Licenced predators masqeurading as taxi drivers

Friday, January 23rd, 2009

I guess when Carlene Anderson sang mama said, she knew what it meant to heed her mother’s warning to keep away from and not to talk to strangers. Clearly some dodgy cab drivers define the meaning of strangers.

This story of a London cab driver convicted for sexually assaulting 14 female passengers actually makes you think this stuff doesn’t just happen to other women , like the lotto, it could be you.

And the culprit is supposedly licenced and has had a criminal background check done on him before a cabbing licence was issued.. What’s scary is that it doesn’t take much for a rape to turn into a murder.

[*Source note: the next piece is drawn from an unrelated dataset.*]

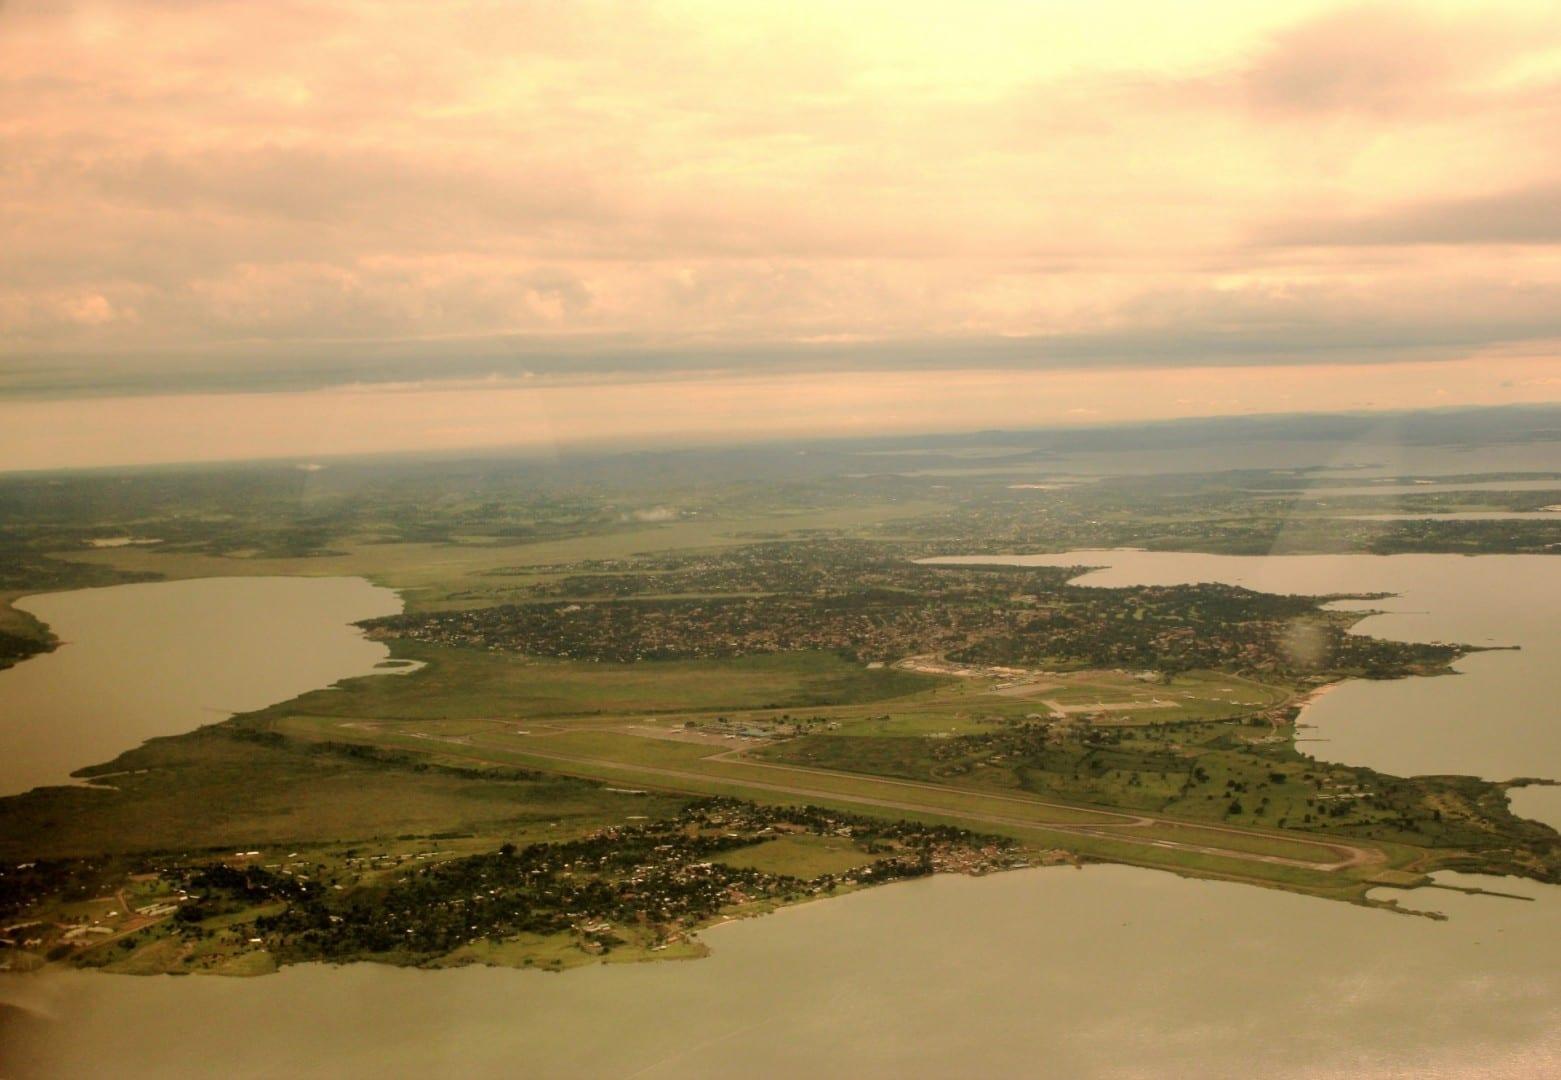 Vista aérea de Entebbe y su aeropuerto Entebbe Uganda

Going out for the night has indeed become a project or maybe its getting back home after a good night out.

Palestinian father grieves for his 3 daughters

Thursday, January 22nd, 2009

I have resisted for the last month or so to comment on any aspect of the Israeli-Palestinian conflict, primarily because of my strong feelings against the sheer force and brutality of the Israeli agression and collective punishment towards the Palestinian people.

The Story of Dr. Ezzldeen Abu Al-Ashi whose house was bombed during a live broadcast to Israeli TV sums up this madness.

Dr. Al-Ashi’s 3 daughters were killed in the carnage and his grief and panic captured live and beamed to Israeli’s whose government is supposedly protecting by its agression on the people of Gaza.

Obama can clearly make his mark and step aside from the toothless intervention of the US administrations of the last 16 years by having the conviction to talk down the increasingly right wing Israeli government hell bent on becomeing a law unto themselves…but chances are that like Clinton and Bush before him, Barrack Obama will bow to the powerful Israeli lobby and their so called right to massacre Palestinians in the name of protecting themselves.